The project is maintained by the chucknorris-io GitHub organization. The repository chucknorris-io/chuck-api is the backend; the data is curated and effectively static — most records show created_at and updated_at timestamps from 2020-01-05, suggesting the corpus was bulk-imported once and rarely modified since. The API has been in continuous operation for the better part of a decade and is one of the most cited APIs in JavaScript bootcamps, freeCodeCamp lessons, MDN fetch() walkthroughs, and YouTube 'first React app' tutorials.

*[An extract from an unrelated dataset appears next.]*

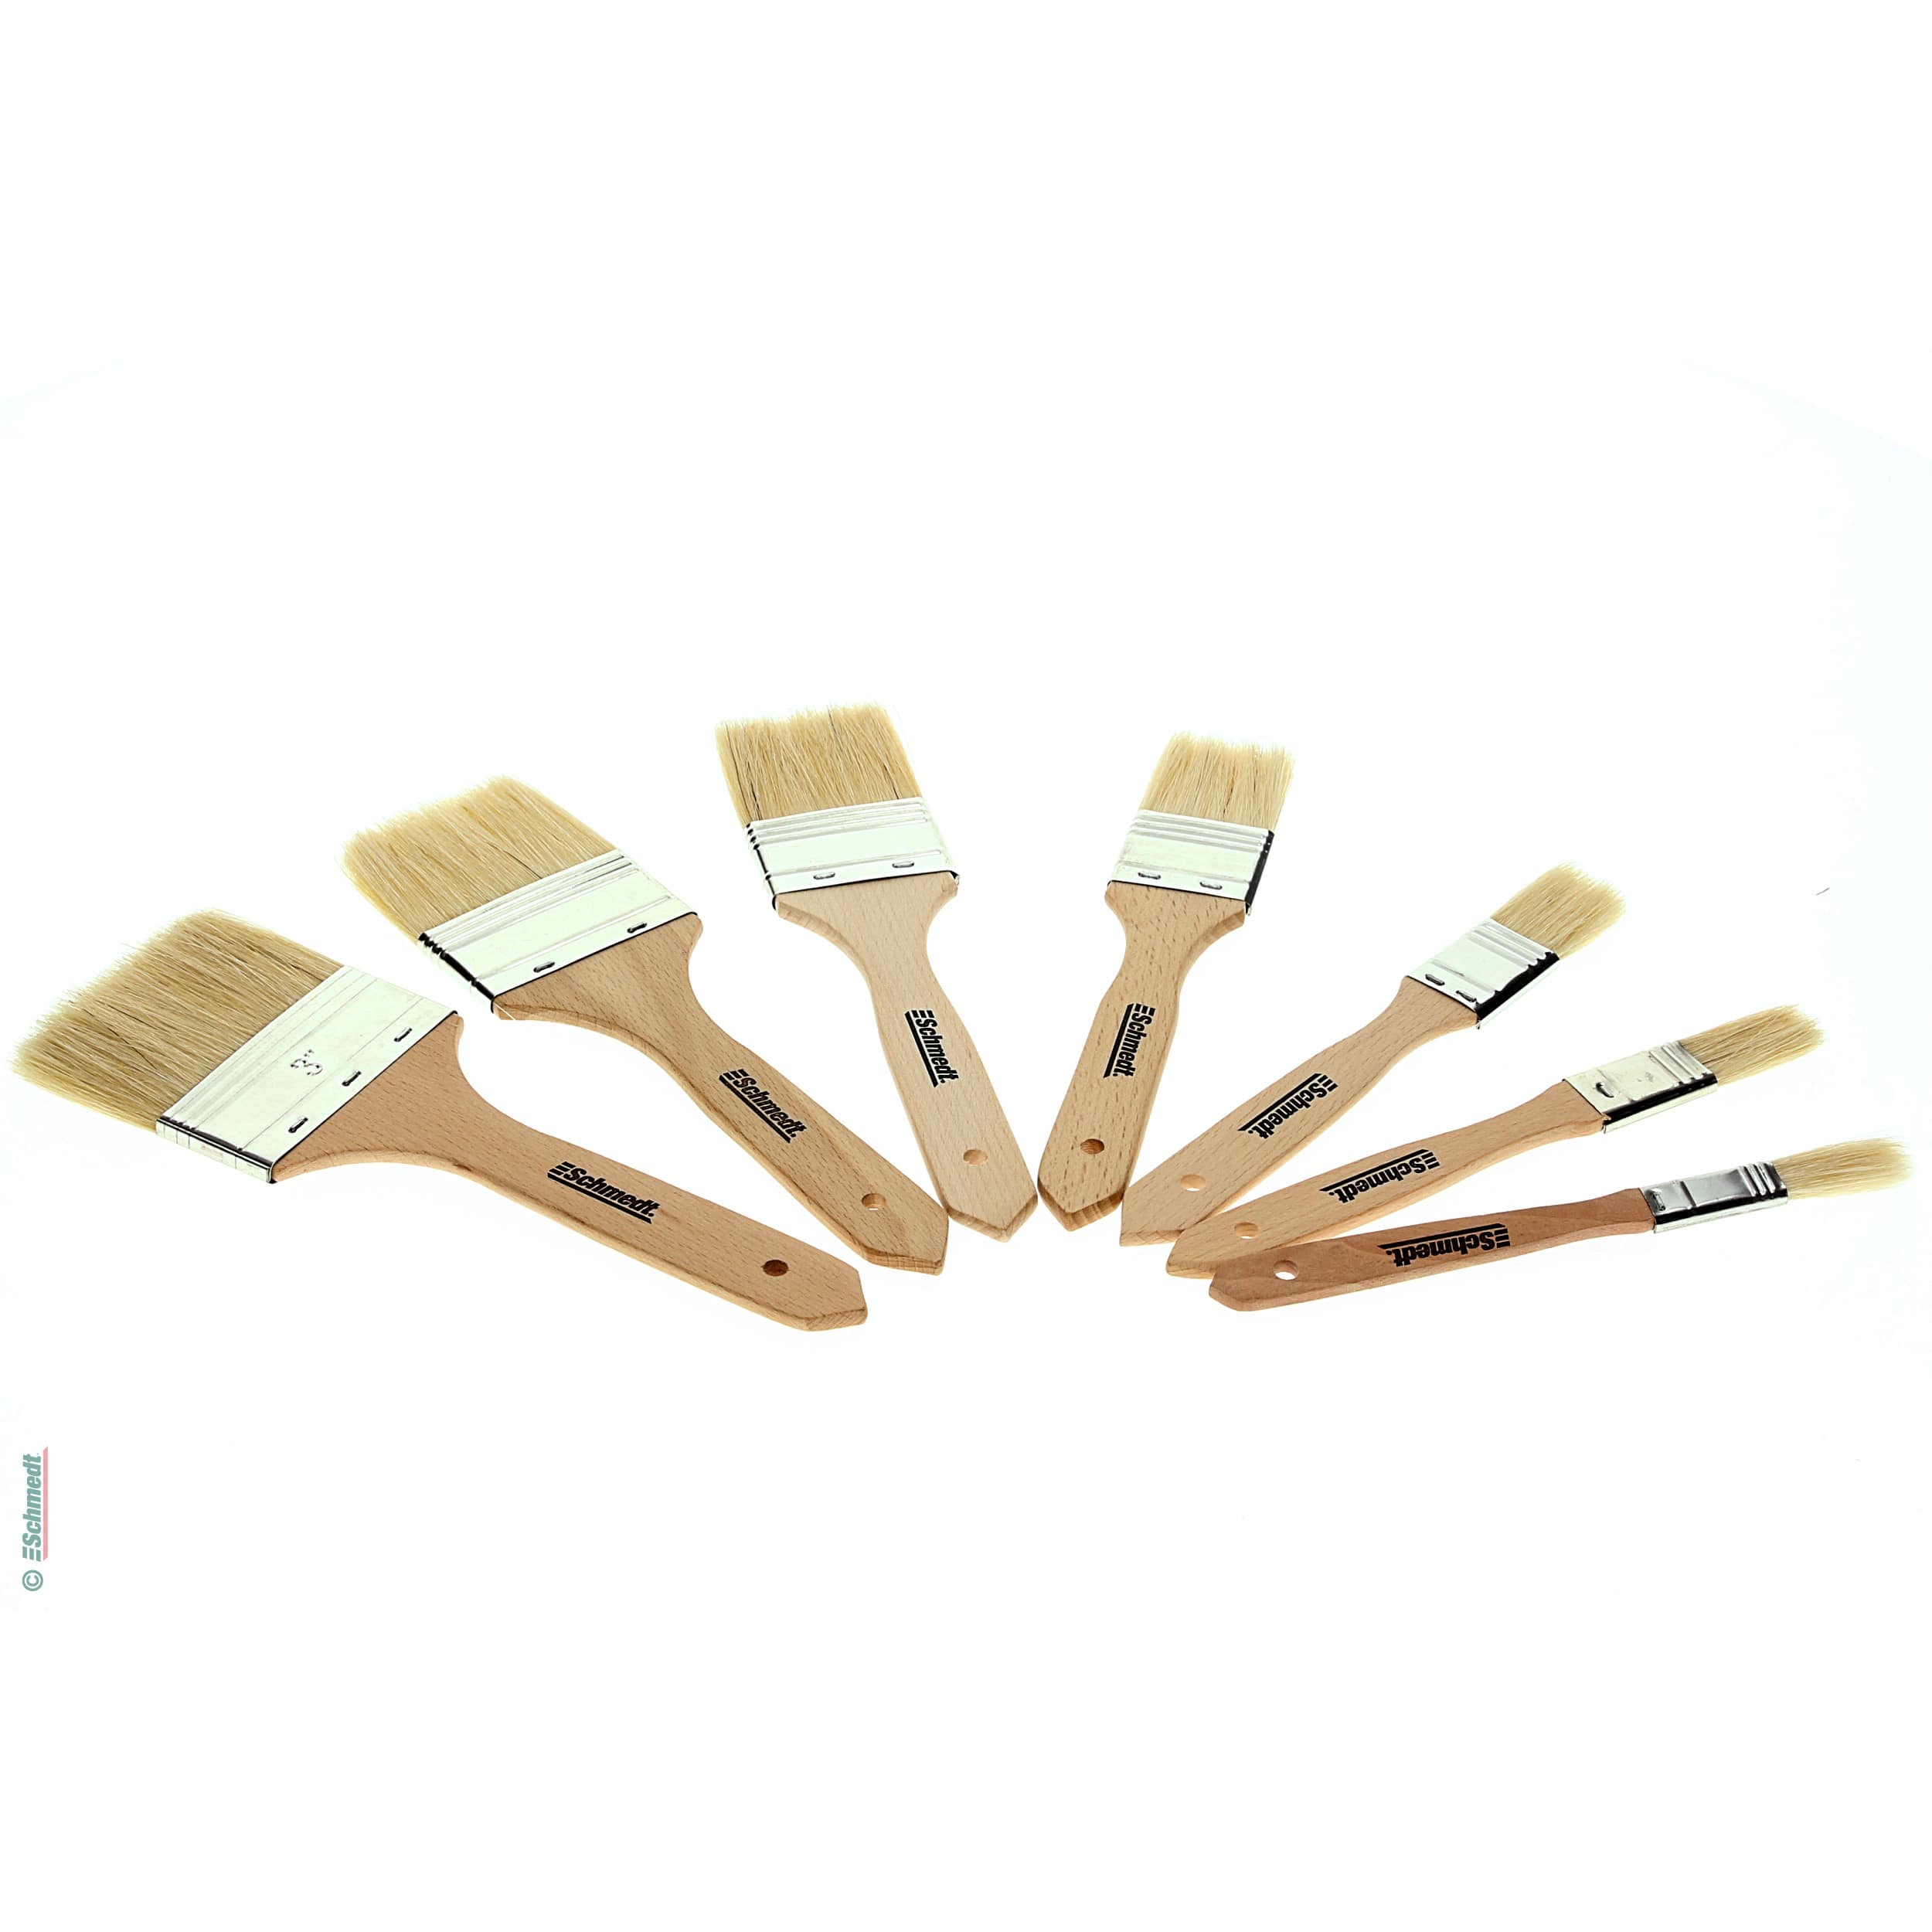  Glue Brush for Bookbinding, VENCINK Natural Bristle Wood Handle  Round Wax Paint Brush Small Brush for Little Craft Project

Infrastructure-wise, the service runs on Heroku (the response carries via: 1.1 heroku-router and a nel / report-to header pointing at nel.heroku.com) fronted by Cloudflare (the server: cloudflare and cf-ray headers). That stack matters for two reasons: it explains why the rate-limit behavior at the edge differs from what the origin app would emit on its own, and it's the source of the Network Error Logging telemetry headers in every response — a piece of operator surface that's interesting to call out even though it isn't a finding.
Threat Model
The threat model here is essentially empty. The data is fictional, the endpoints are read-only, no user state exists. An attacker compromising api.chucknorris.io gets nothing of value beyond defacing a joke corpus that lives in a database somewhere on Heroku. The only operational risk is denial-of-service against the Heroku origin, and Cloudflare in front of it absorbs that.
Propagated patterns
The interesting threat surface, as with every public-fact API in this niche, is what the service teaches the developers consuming it. Two patterns matter.
Pattern 1: no-auth read-only fact endpoint. The CRITICAL finding observes that /jokes/random returns 200 with no credentials. On a public jokes API this is the API working exactly as designed. The propagated risk is that students who copy this pattern into /api/users/me, /api/orders, or any per-user resource without adding authentication ship a broken system. The Chuck Norris API doesn't have any concept of 'a user'; the apps people build after the tutorial almost always do.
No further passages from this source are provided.